Conceptual design and simulation of a thermal matrix-type SFCL

Abstract

Abstract Simultaneous quench is a prerequisite for achieving high-rated voltage and current in superconducting fault current limiters (SFCLs) based on superconducting thin films. In this article, we propose the T-MSFCLs, i.e. the matrix-type SFCLs (MSFCLs) with thermally-assisted simultaneous quenches, to mitigate hotspot and dielectric breakdown problems. We present the typology of the non-isolated and isolated T-MSFCLs and develop a computational model for evaluating their quench performances. The short-circuit simulation results demonstrates that the quench propagation between SFCL elements is easy to establish and is self-sustaining in the non-isolated and the isolated T-MSFCLs due to an electric-thermal coupling.

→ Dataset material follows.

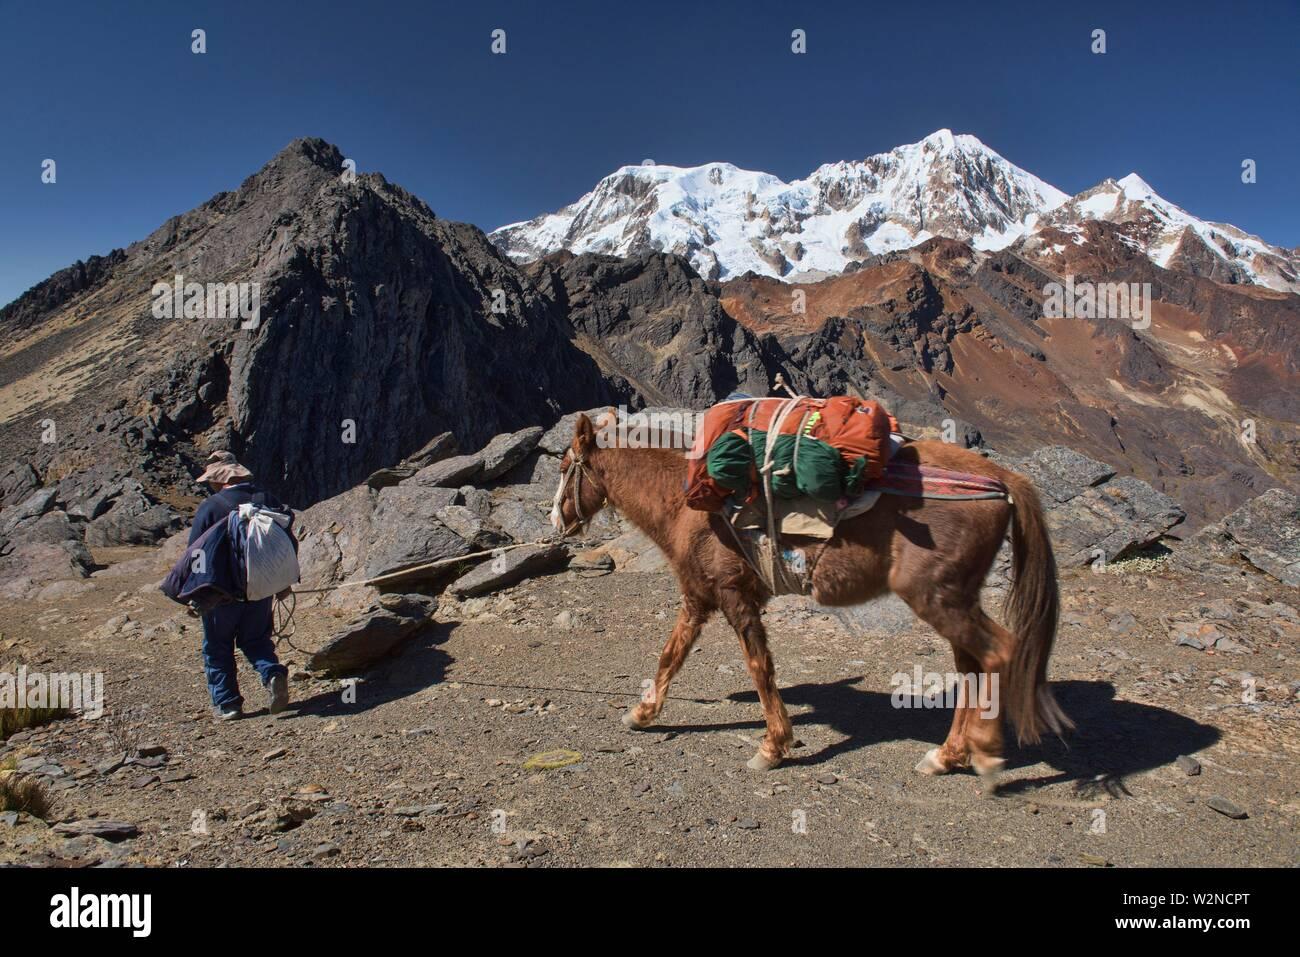 Arriero and mule crossing the Abra Illampu Pass, Cordillera Real Traverse, Bolivia. - Stock Image
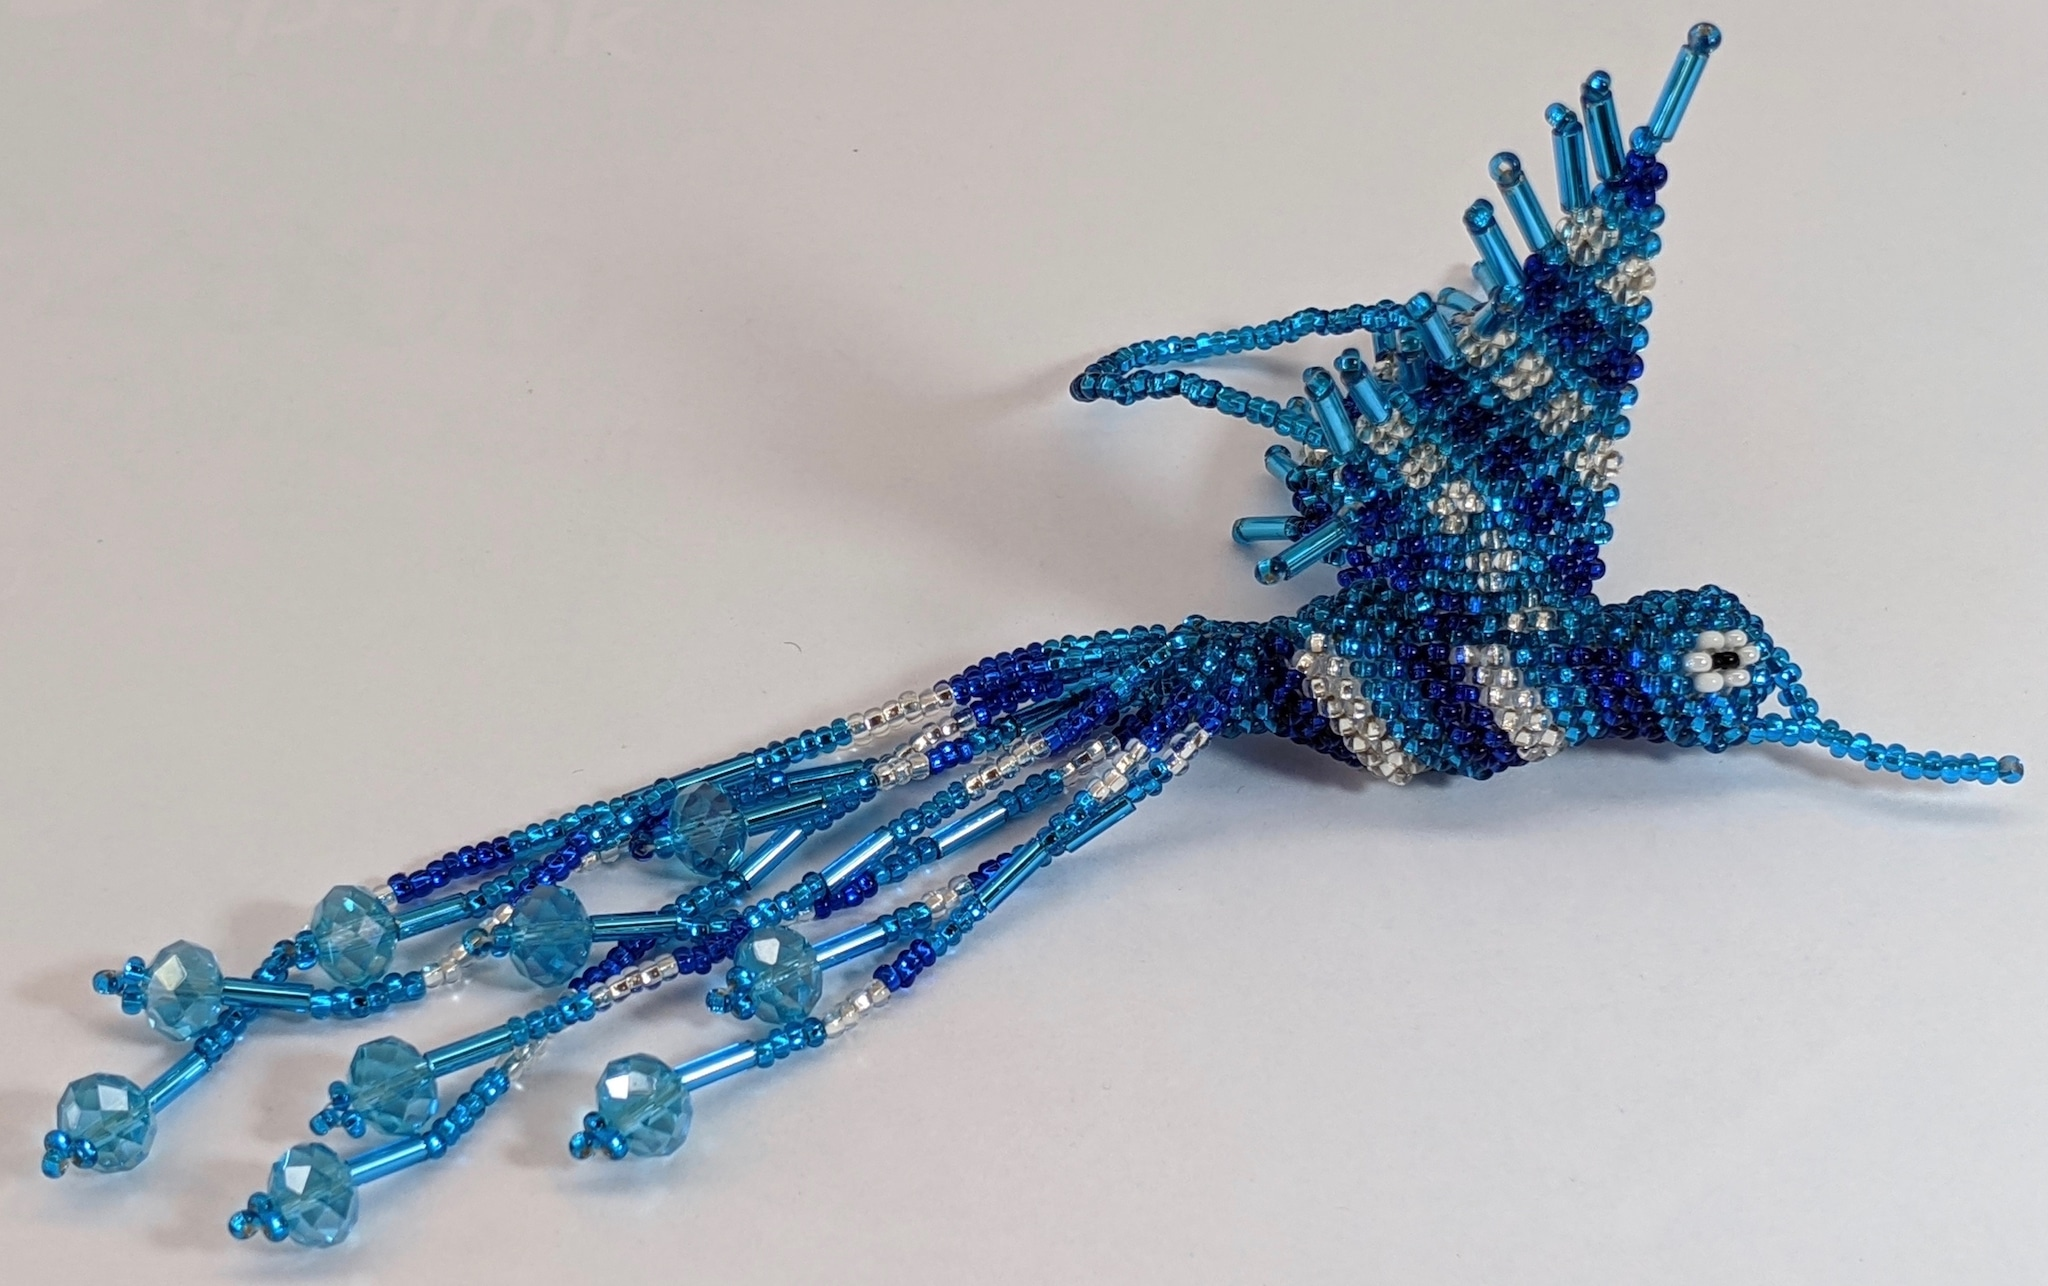 Hummingbird Beaded Ornament - Sapphire Blue, Celestial Blue, and Silver White

The effects of Jc distribution and shunt layers on quench properties are studied. We find that T-MSFCLs always produce global quench despite having poor global uniformity Δ J c / J c . The quench activation, quench development and the current-limiting properties of T-MSFCL are relevant to the parameters of shunt layers and the weakest SFCL element. The design parameters of the shunt layers are the main conditions for the maximum tolerance voltage and the maximum response rate of the T-MSFCL. By generalizing these findings, a method for capacity design of T-MSFCL is presented.